Tuesday, September 13, 2011

Hypo Venture Capital Zurich Headlines: World markets tumble on renewed US recession fears

http://hypoventurecapital-news.com/category/financial/


Amid the uncertainty, traders pulled out of any risky investments — such as stocks, particularly financial ones, the euro and emerging market currencies — to pile into safe havens: U.S. Treasurys, the dollar, the Japanese yen and gold.
European shares slumped in early trading. Britain’s FTSE 100 dropped 2.9 percent to 5,136.36. Germany’s DAX fell 4.7 percent to 5,280.13, and France’s CAC-40 tumbled 4.6 percent to 3,003.64.
Markets in the U.S. were closed for the Labor Day holiday.
Banking stocks were among the hardest hit after the U.S. government sued 17 financial firms Friday for selling Fannie Mae and Freddie Mac billions of dollars worth of mortgage-backed securities that turned toxic when the housing market collapsed.
Among those targeted by the lawsuits were Bank of America, Citigroup, JP Morgan Chase and Goldman Sachs. Large European banks including The Royal Bank of Scotland, Barclays Bank and Credit Suisse were also sued.
Renewed jitters over the eurozone debt crisis also contributed to the slump in financial stocks amid concerns they would need to raise new capital. Deutsche Bank was down 9.4 percent in Frankfurt while Societe Generale in Paris shed 9 percent.
An international debt inspectors’ review of Greece’s finances was interrupted Friday amid disagreements over the country’s deficit figures. The review will be resumed in about 10 days and must be completed in order for the country
to receive its bailout loans at the end of the month.

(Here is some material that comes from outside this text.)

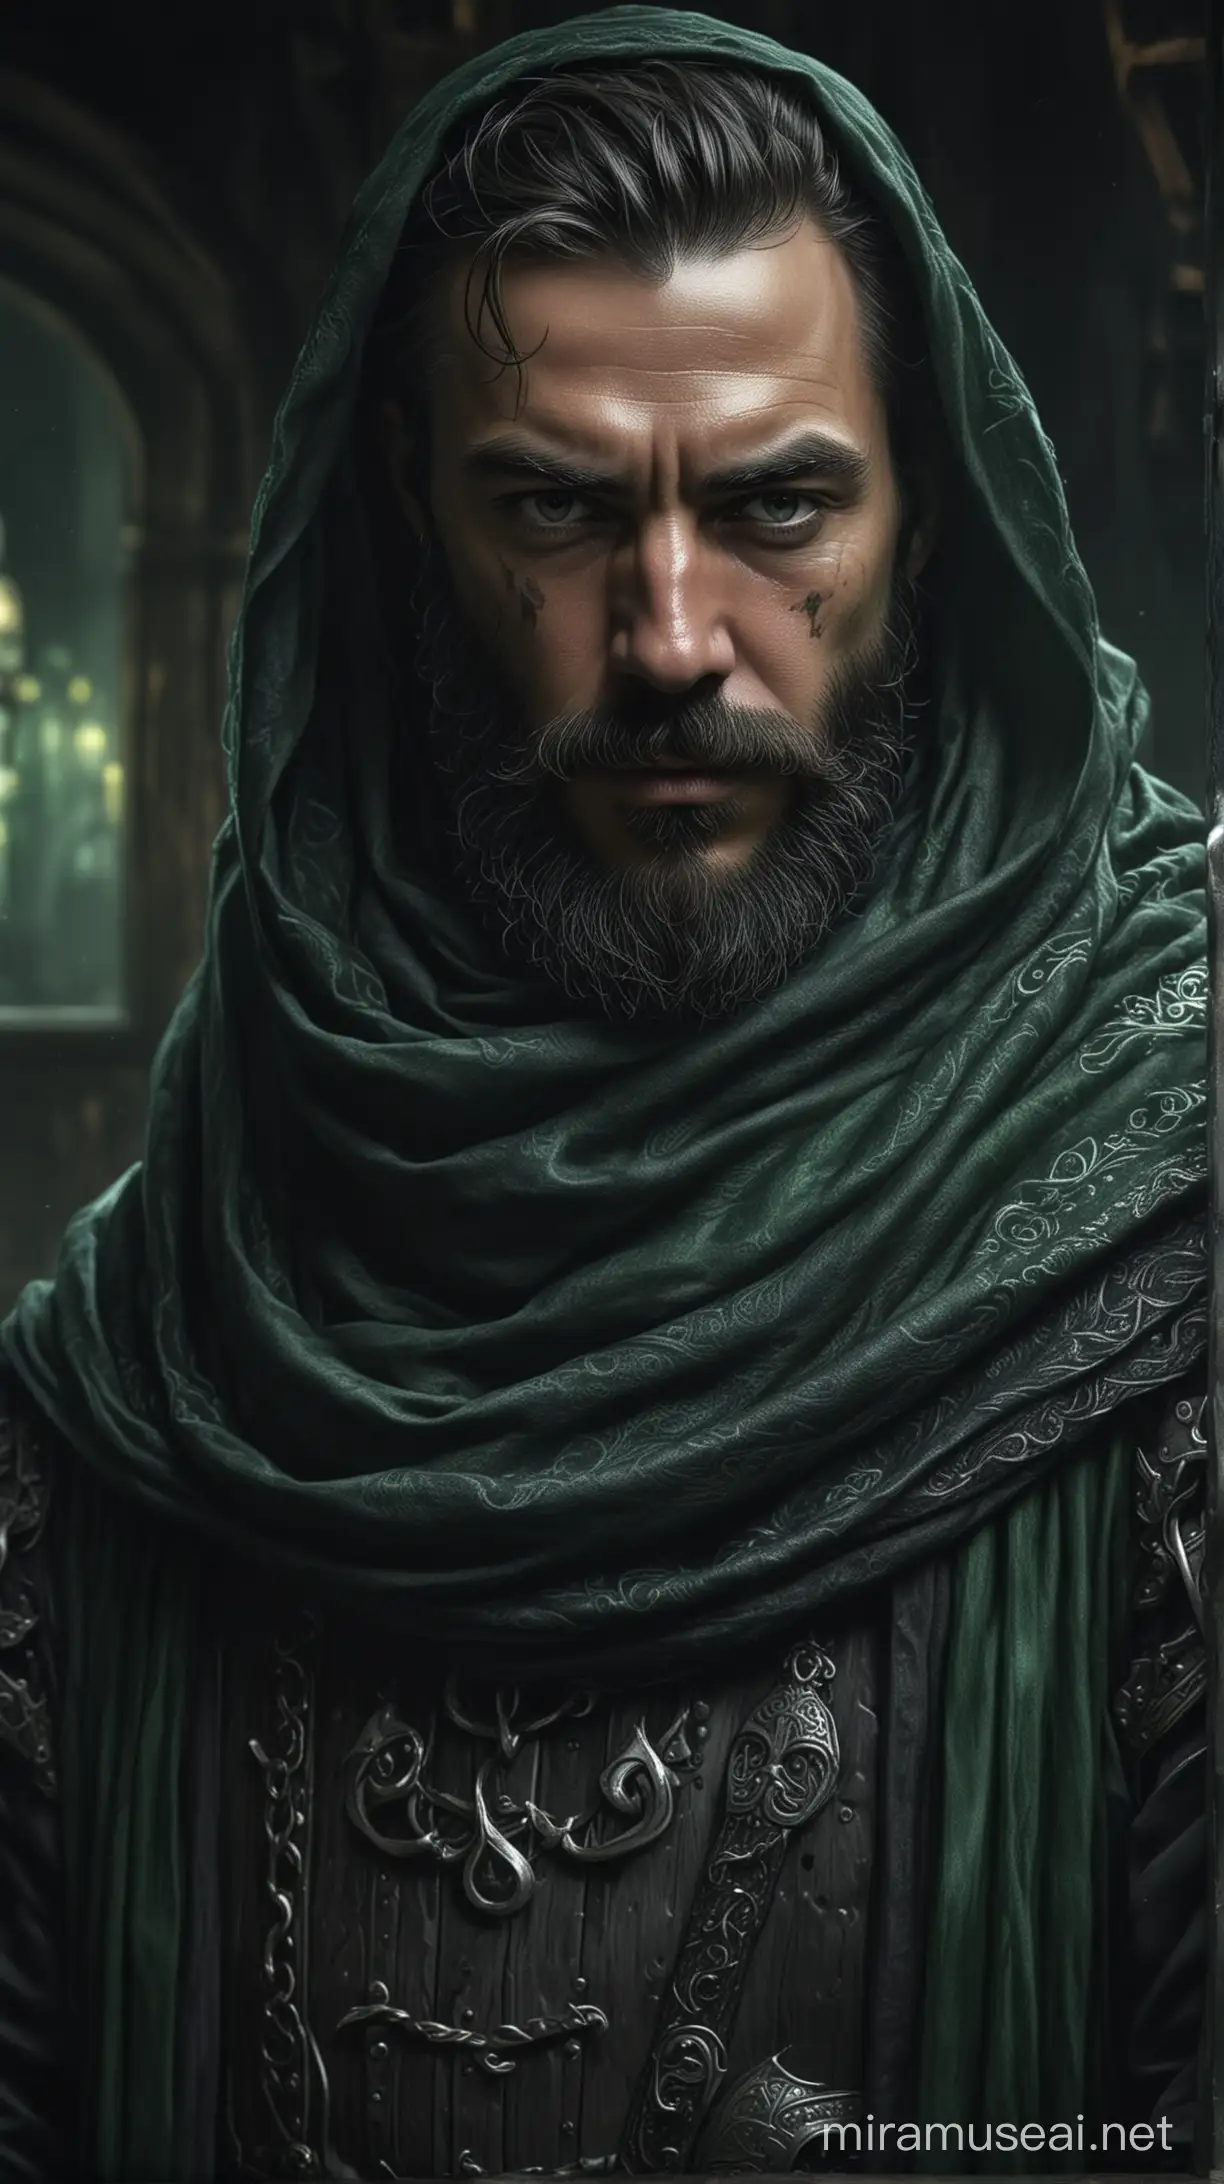 Medieval warrior clad in black battle attire, standing in his dark house made up of green glass, conceals head with scarf, his medium beard and mustache prominently displayed, foregrounded by a close-up, heightened tension, digital painting, ultra fine details, atmospheric mood

Signs that the Italian government’s commitment to its austerity program is wavering have also shaken investors. Prime Minister Silvio Berlusconi’s government has backtracked on some deficit-cutting measures, prompting EU economic officials to urge it to stick to its promised plan.
The economic indicators, meanwhile, were mostly downbeat. Although retail sales in the eurozone rose unexpectedly in July, a survey of the services sector showed a slowdown across the continent for the fifth consecutive month.
The Purchasing Managers’ Index for the eurozone showed the services sector was still growing — unlike the manufacturing sector — but only barely. That will add pressure on the European Central Bank to keep interest rates on hold when it meets this week.